In a recent post, I mentioned the well-known association between high hypnotizability and multiple personality. And in a number of past posts I have mentioned that persons with multiple personality may have the surprising combination of both unusually good memory and unusually bad memory; that is, generally superb memory (like Julien’s), but also the absentmindedness, amnesia, and memory gaps caused when one personality does not recall what happened when another personality was in control.

For example, that combination was true of Mark Twain, who was known for an excellent memory, but also remarkable episodes of absentmindedness. (To see past posts, search “absent-mindedness” and “memory gaps.”)

Is Stendhal’s narrator correct to link “those stunning memories” with, in some sense, “stupidity”? Yes.
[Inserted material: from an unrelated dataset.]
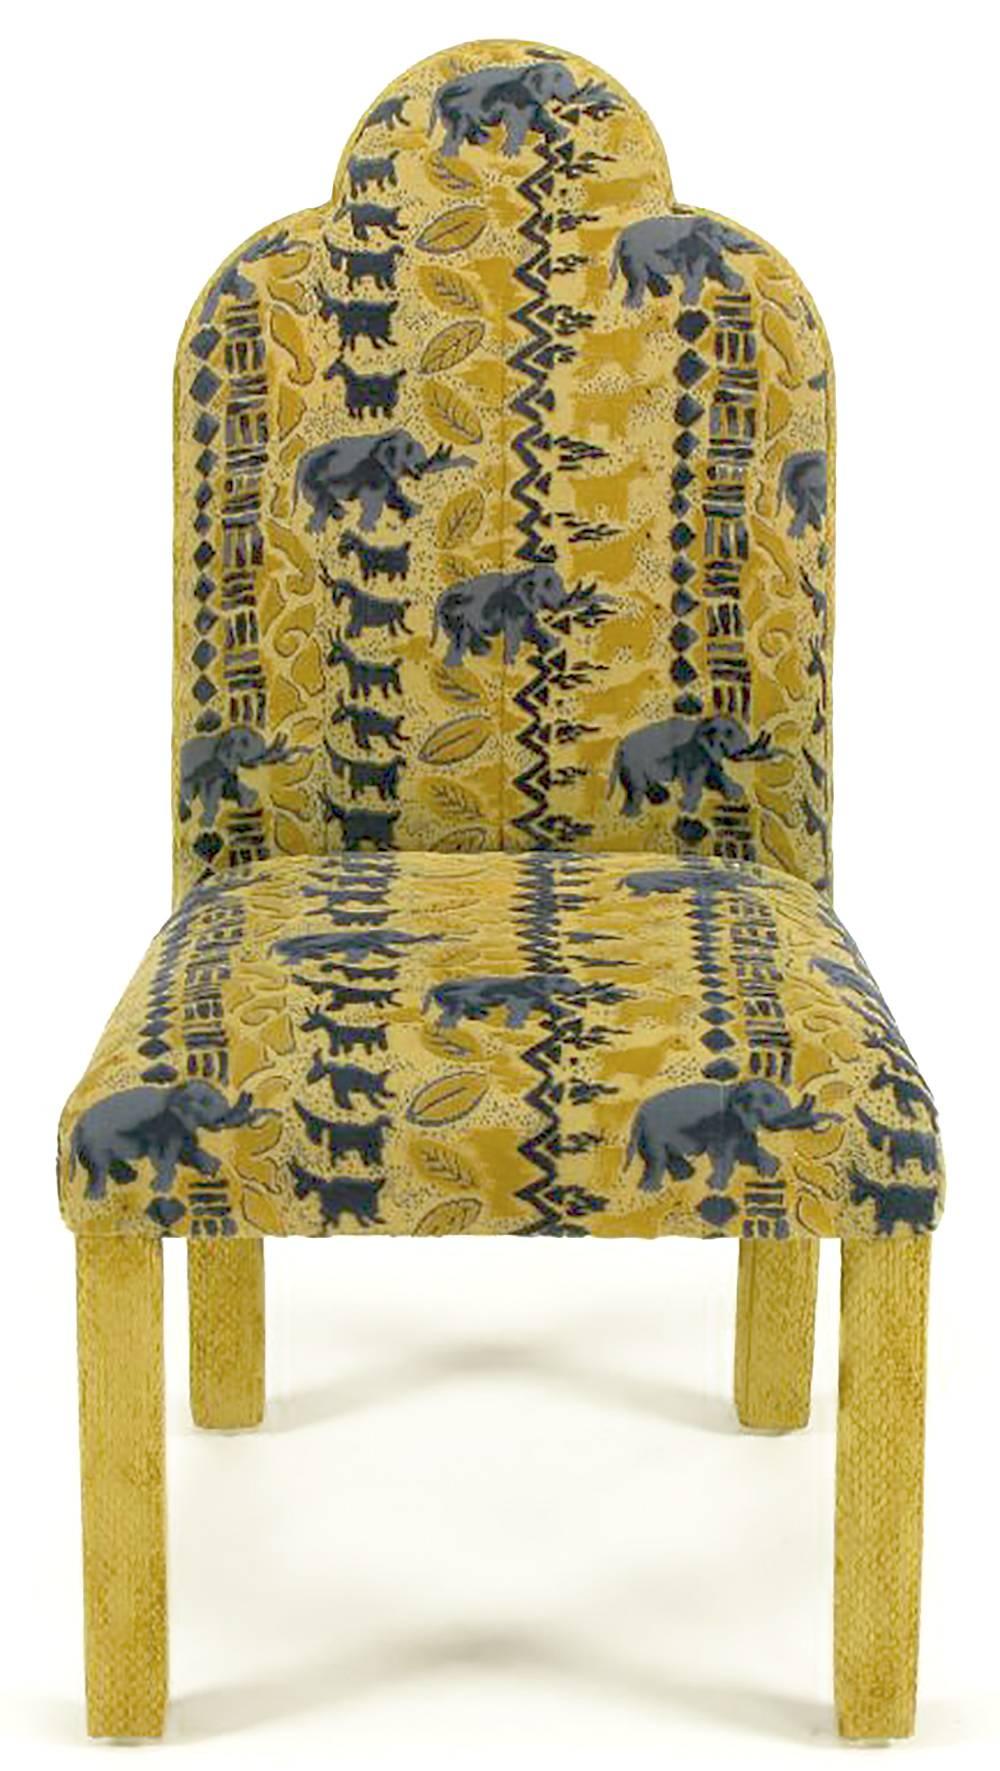 Set of four game or dining table triple arch back deco revival fully upholstered side chairs. Cover in gold, saffron and blue print chenille fabric, with African inspired characters, such as elephants, ibix and patterns. Sold with set of seven

A classic paper on characteristics of highly hypnotizable persons describes such persons as having unusually good memory—sometimes verging on total recall—but also says that their memories tend to be rote, photographic, and uncritical (2).

In short, Julien is described as having the kind of memory found in highly hypnotizable persons. And persons with multiple personality usually have high hypnotizability. So Julien’s kind of memory raises the possibility of multiple personality.

But does the type of memory ascribed to Julien foreshadow what will happen later, or is it just narrative chit chat? I will keep reading.

1. Stendhal. The Red and the Black: A Chronicle of 1830. Translated by Burton Raffel. New York, The Modern Library, 2003.
2. Herbert Spiegel. “The Grade 5 Syndrome: The Highly Hypnotizable Person.” The International Journal of Clinical and Experimental Hypnosis. Volume XXII, Number 4, October 1974, pp. 303-319.